Она говорила все это самым спокойным голосом, и тут только я понял, что наделал, пустившись в откровенности с такой психопаткой. Аттилио с перекосившимся лицом шагнул ко мне, повторяя: «Ты это говорил?» Но тут Мария-Роза замолчала, схватила с плиты чугунный утюг и запустила ему прямо в голову. И довольно метко запустила: если бы он не успел наклонить голову, она бы его убила. А потом началось такое, что я просто передать не могу. Эта сумасшедшая совершенно спокойно хватала всякие тяжелые, опасные предметы — ножи, скалки, кастрюли — и швыряла в Аттилио; он, попытавшись раза два увернуться, в конце концов шмыгнул в дверь на лестницу.

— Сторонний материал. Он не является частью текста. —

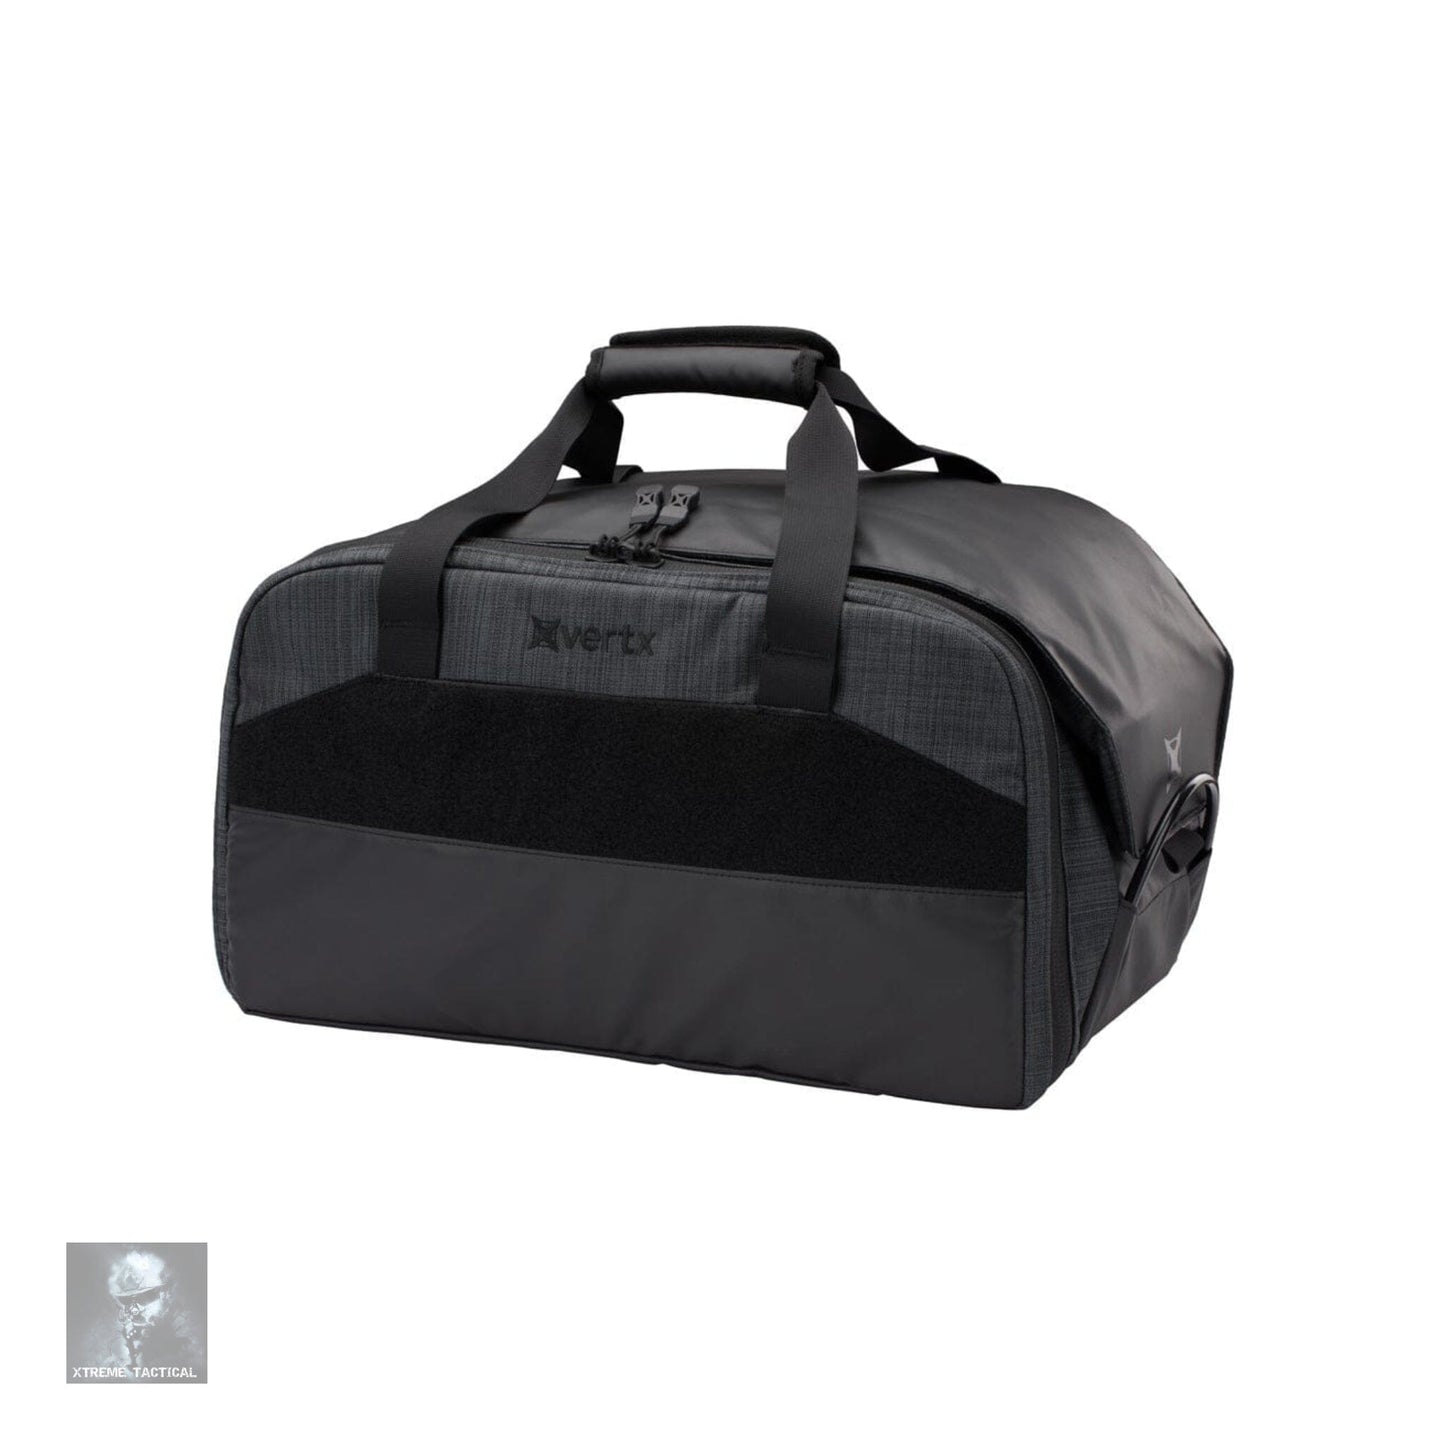 Vertx COF Heavy Range Bag Tactical Backpack Vertx 
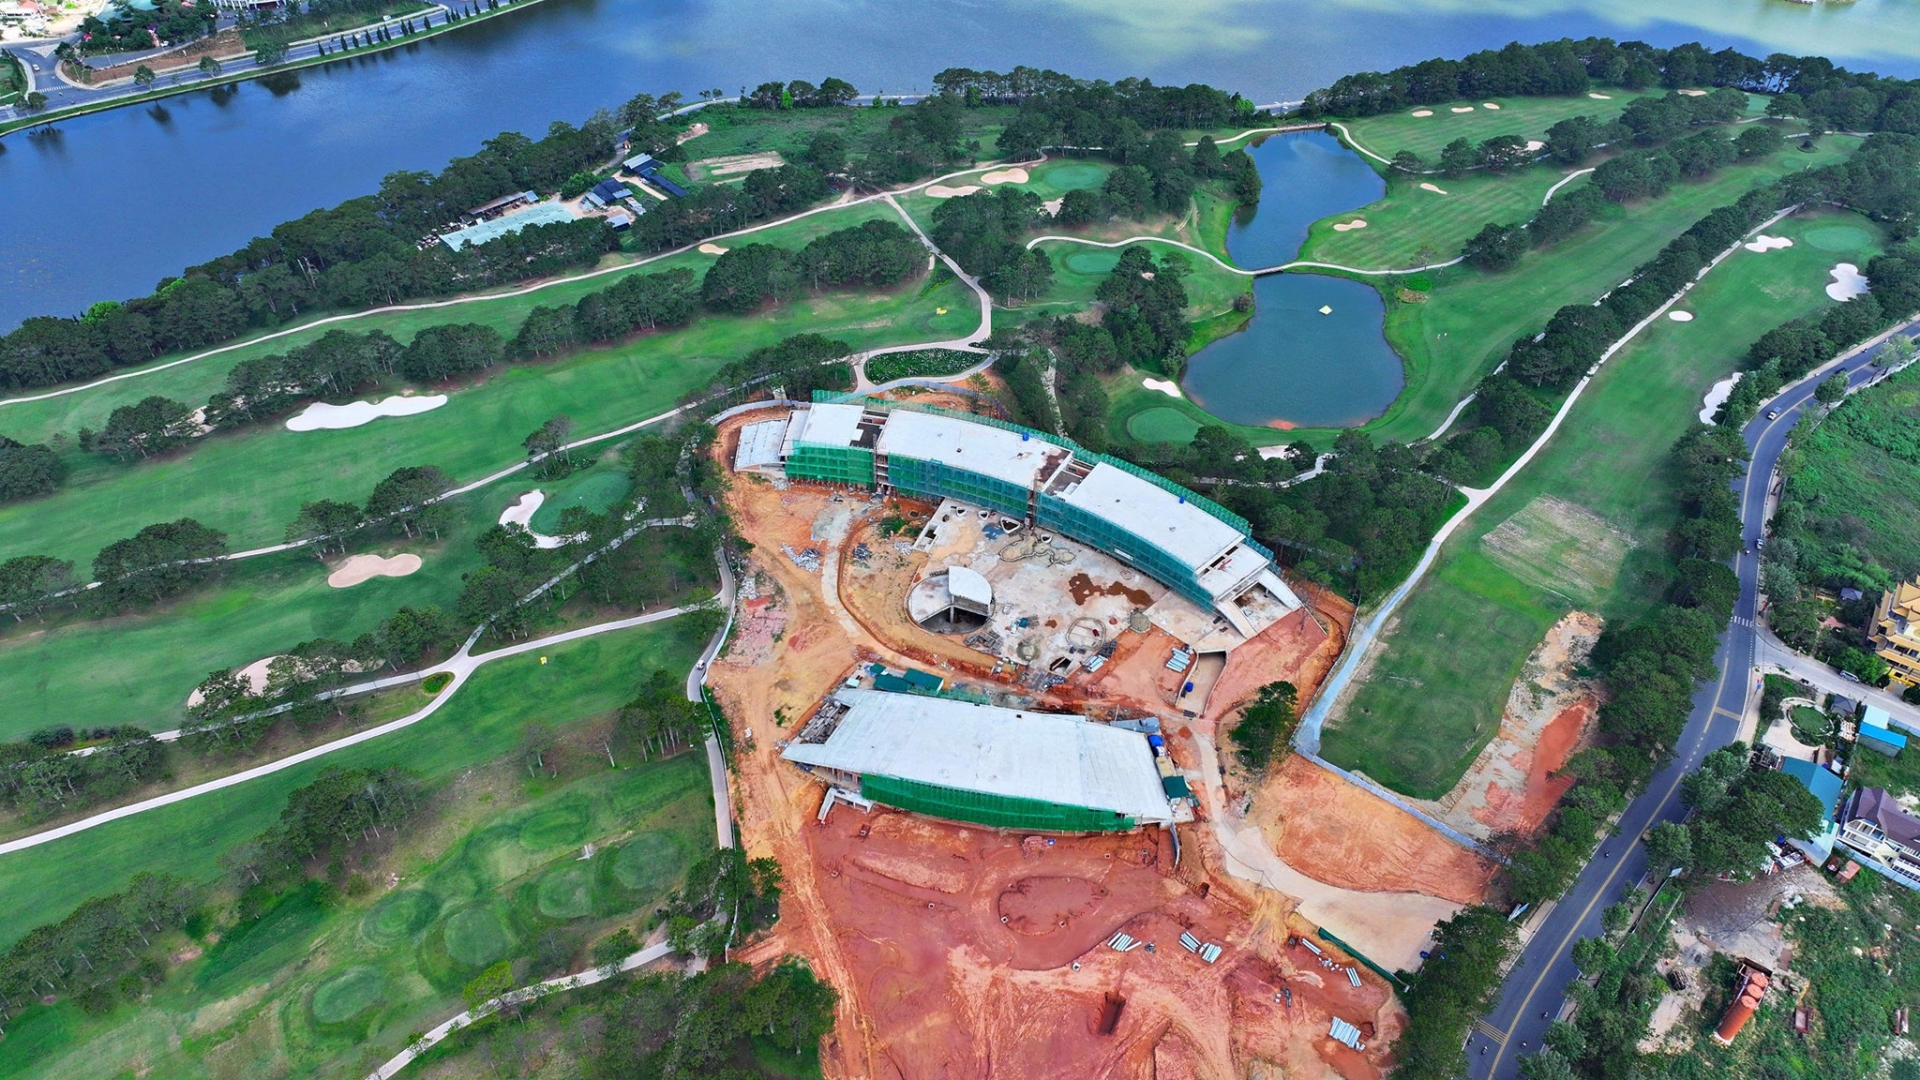 
Hiện trạng công trình sai phép thuộc Tòa nhà câu lạc bộ Golf tại Sân Golf Đà Lạt

Удрал и я, оставив на полу метра два-три свинцовых труб; я со всех ног кинулся вниз по лестнице, а Аттилио орал мне вслед:

— Не показывайся больше… Увижу — убью.

Я почувствовал себя в безопасности, только когда перешел через мост и оказался в скверике на площади Либерта. Тут я присел на скамеечку, чтобы отдышаться. Обдумав происшедшее, я решил, что наговорил все это только по дружбе, потому что мне не нравилось, что у Аттилио такой характер; и я поклялся себе, что с этого дня никому больше не буду другом.

Бич человечества

К середине февраля утихла трамонтана, приносившая мне зимой немало страданий, небо заволокло тучами и подул влажный ветер, который, казалось, шел с моря. Хотя на душе у меня было грустно, дыхание этого ветра бодрило меня, он словно нашептывал: «Ну-ну, мужайся; пока есть жизнь, есть и надежда». Но я знал, что зима прошла и наступала весна, и понимал, что поэтому я не смогу больше работать в мастерской моего дяди.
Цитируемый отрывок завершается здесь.